Data excerpt>

◇ ◇ ◇ ◇

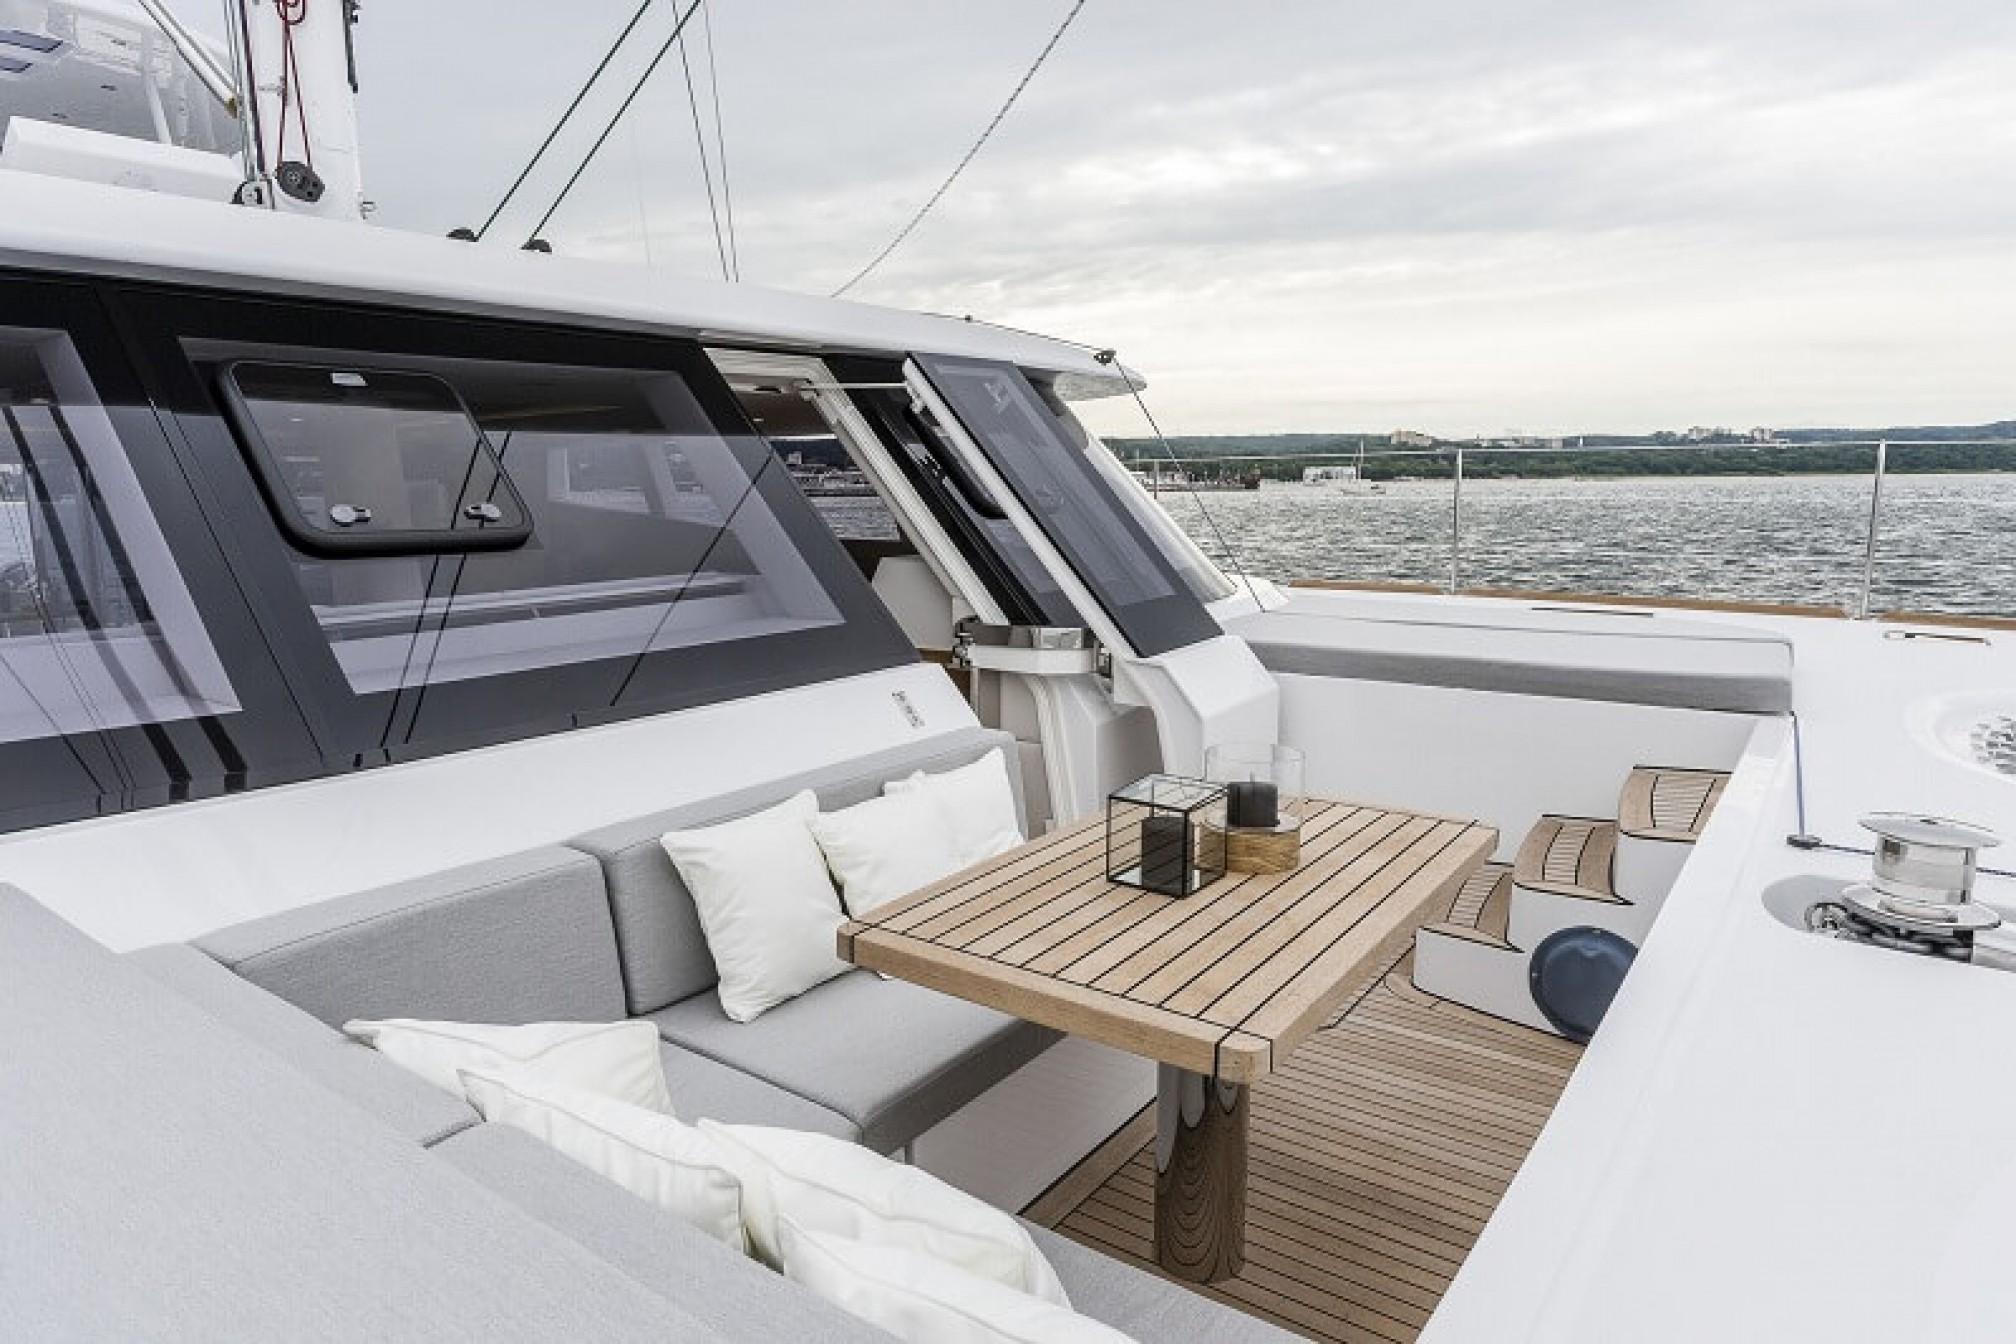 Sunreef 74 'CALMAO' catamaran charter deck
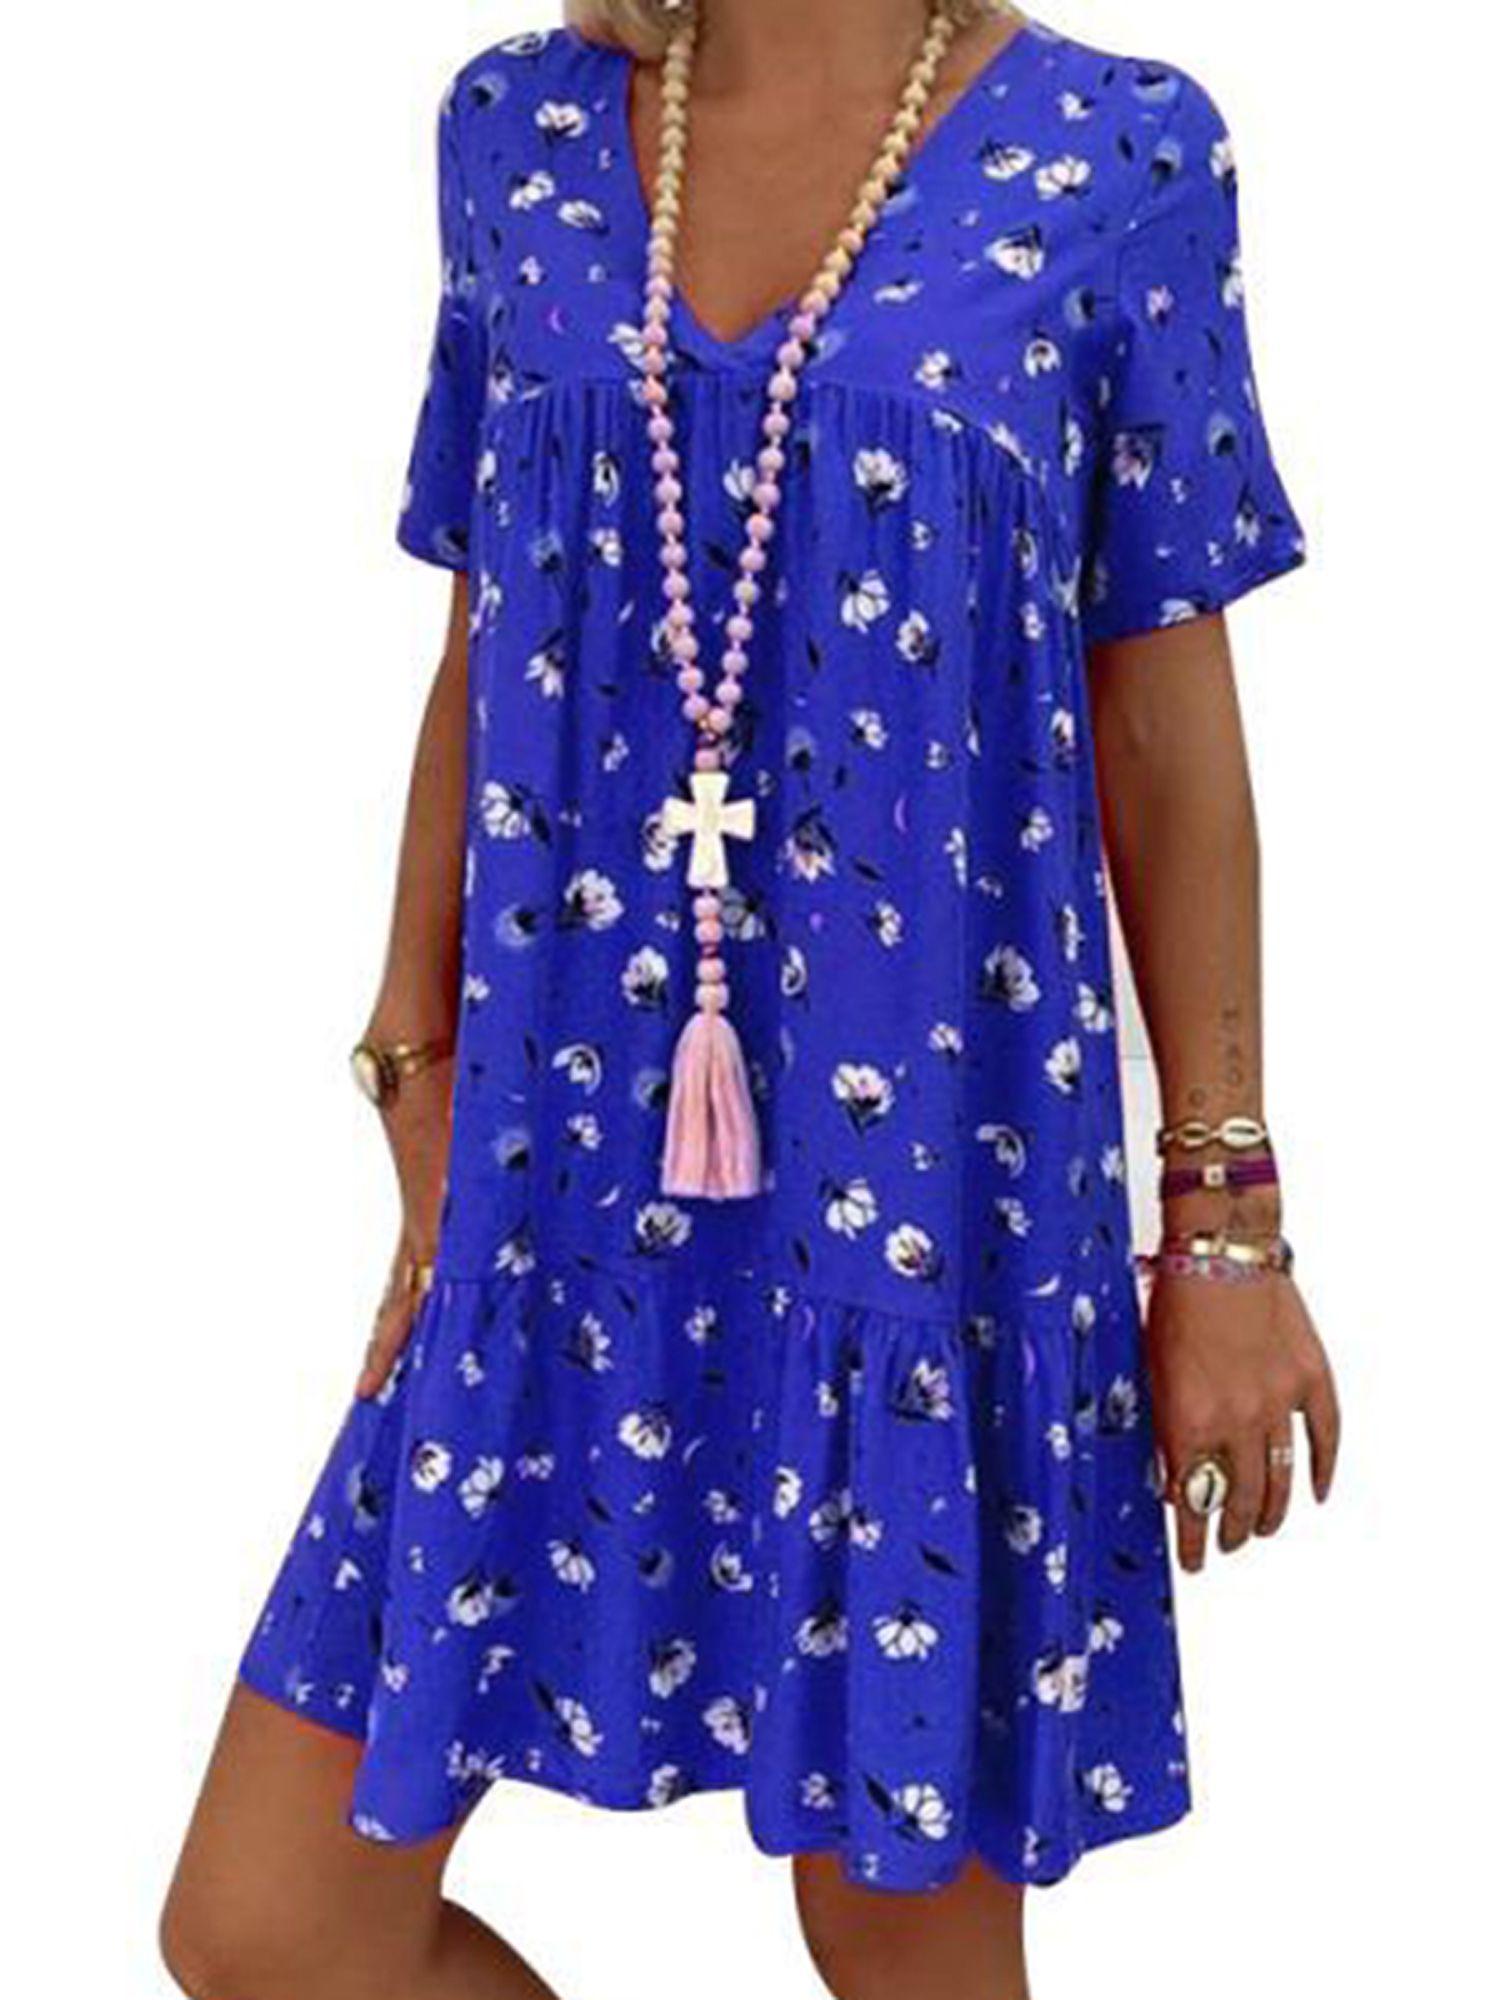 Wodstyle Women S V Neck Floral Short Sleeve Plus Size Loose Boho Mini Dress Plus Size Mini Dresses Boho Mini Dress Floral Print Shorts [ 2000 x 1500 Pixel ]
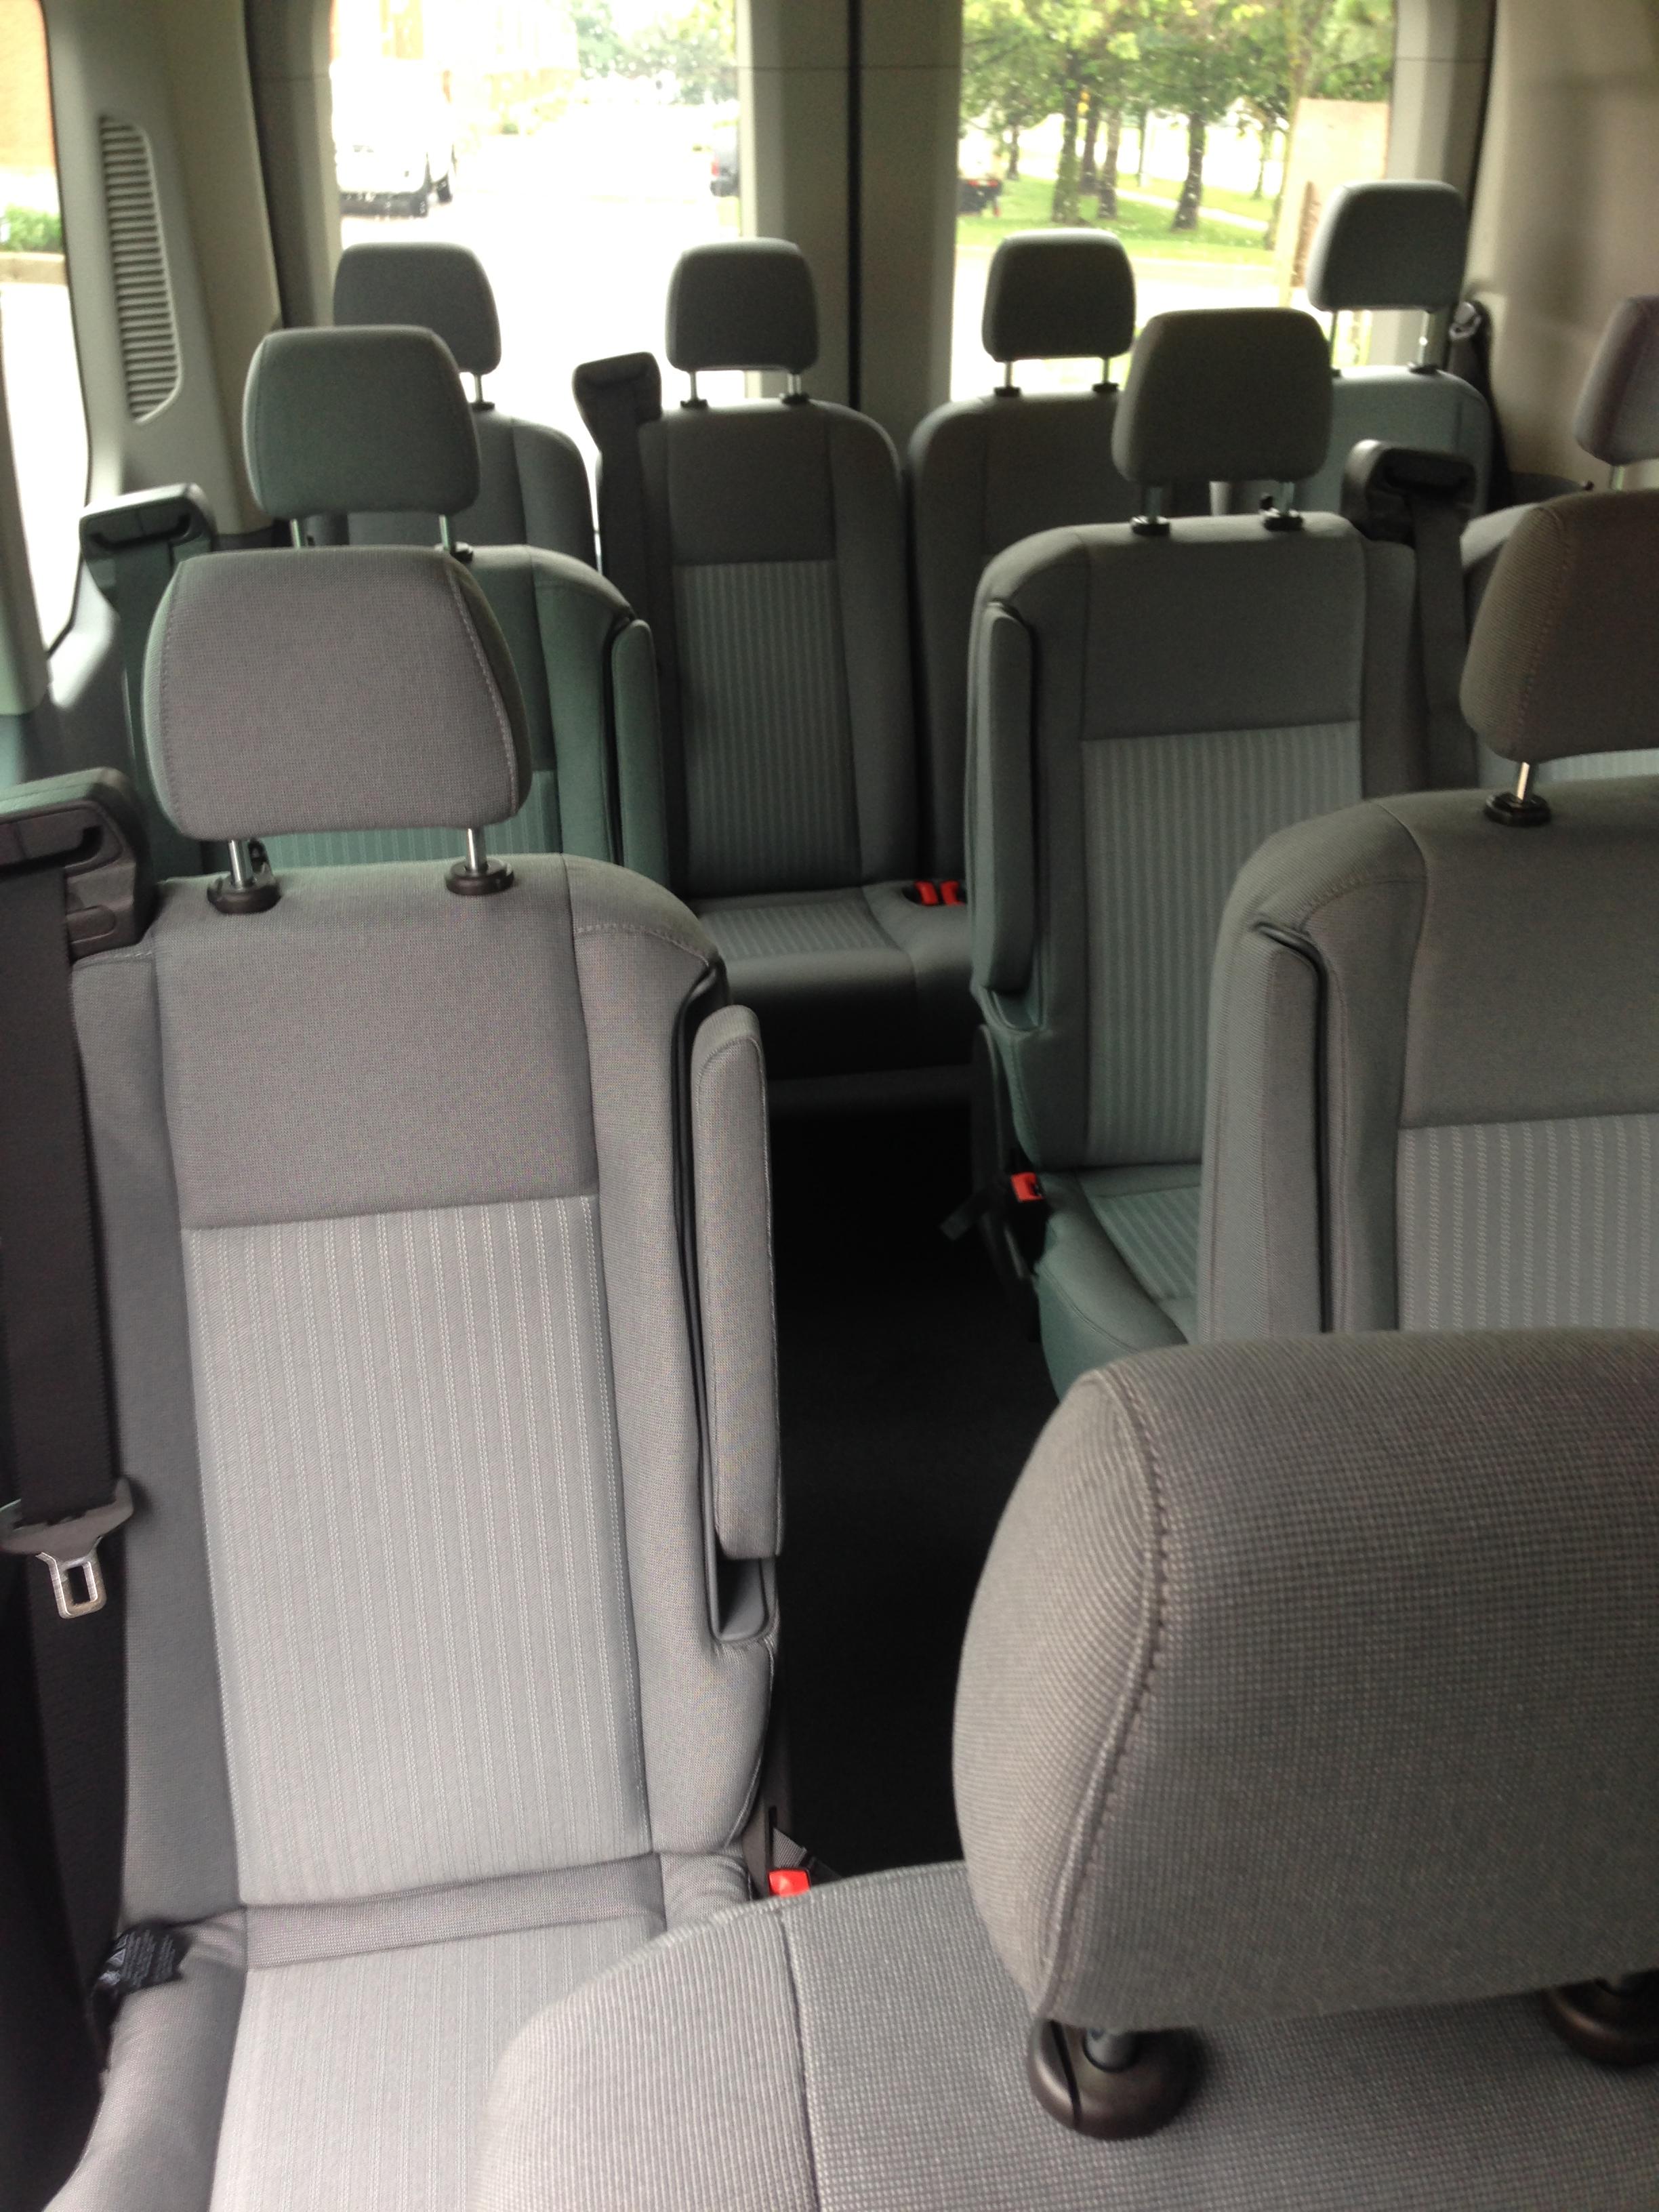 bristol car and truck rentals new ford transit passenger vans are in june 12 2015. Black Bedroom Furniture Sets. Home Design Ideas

◇ ◇ ◇ ◇

Each line from the first line of the material above through the line containing "Wodstyle Women S" is to be reproduced exactly, with both ends kept and pictures left out.

Solution to this task>
 Sunreef 74 'CALMAO' catamaran charter deck
 Wodstyle Women S V Neck Floral Short Sleeve Plus Size Loose Boho Mini Dress Plus Size Mini Dresses Boho Mini Dress Floral Print Shorts [ 2000 x 1500 Pixel ]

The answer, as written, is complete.